研究課題
基盤研究(B)
本研究では、プロテアソーム分解系が関与するマウス受精卵のエピジェネティック・リプログラミングの分子制御機構を明らかにすることを目的としている。本年度は、受精直後のエピジェネティック・リプログラミングにおける母性タンパク質分解系の関与の検証とその時期にプロテアソーム分解系により分解される母性タンパク質群の同定を行った。まず、受精直後からプロテアソーム阻害剤MG132処理した1細胞期胚におけるRNAポリメラーゼIIの局在を検討したところ、無処理区と比較してRNAポリメラーゼIIの核移行時期は変わらなかったものの、RNAポリメラーゼIIのCTDのリン酸化修飾から示される転写伸長ならびに転写終結は遅れていることが明らかになった。さらに、核内RNAポリメラーゼIIのクロマチン結合も、プロテアソーム阻害剤MG132で処理した1細胞期胚では明らかに遅延していることが認められた。これらの結果から、受精直後のクロマチンリモデリングにプロテアソーム分解系が関与していることが認められた。そこで、この時期にプロテアソーム分解系で分解されるタンパク質群を、プロテオーム解析や公的データベースを利用したバイオインフォマティクス解析により検討したところ、ヒストン修飾・クロマチンリモデリング因子・ヒストンシャペロンに機能分類されたタンパク質群を同定することができた。今後、これらのプロテアソーム分解系の標的母性タンパク質として同定された候補タンパク質の発現プロファイルを明らかにするとともに、相互作用するタンパク質群の同定と検証、さらに受精直後のクロマチン構造の変化における機能解析を進める。
2: おおむね順調に進展している
本研究課題の採択以降、研究は順調に進展した。それに伴って、関連する論文4報・学会発表13報を公表することができている。これまでプロテアソーム分解系が胚性遺伝子の活性化に関わることを明らかにしていたが、その分子機序は未だ不明であった。本研究において、プロテアソーム分解系が受精直後のクロマチンリモデリングに関与することが認められこと、さらにバイオインフォマティクス解析から、受精直後の胚においてプロテアソーム分解系の標的母性タンパク質として、ヒストン修飾・クロマチンリモデリング因子・ヒストンシャペロンに機能分類することができた候補タンパク質を同定した。これらの結果から、本年度の研究進捗において、受精後の母性-胚性移行時期におけるプロテアソーム分解系の重要性を明らかにする上で充分なデータが得られていると判断された。

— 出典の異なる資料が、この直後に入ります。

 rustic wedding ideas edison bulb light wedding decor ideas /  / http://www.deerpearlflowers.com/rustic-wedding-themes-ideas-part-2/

当初の研究計画に従って、受精直後の胚においてプロテアソーム分解系の標的母性タンパク質として同定された候補タンパク質の発現プロファイルを明らかにするとともに、相互作用するタンパク質群の同定と検証、さらに受精直後のクロマチン構造の変化における機能解析を進めることで、プロテアソーム分解系が関与するマウス受精卵のエピジェネティック・リプログラミングの分子制御機構解明に向けた知見を獲得する。
すべて 2014 2013
すべて 雑誌論文 (4件) (うち査読あり 4件、 オープンアクセス 1件、 謝辞記載あり 1件) 学会発表 (13件)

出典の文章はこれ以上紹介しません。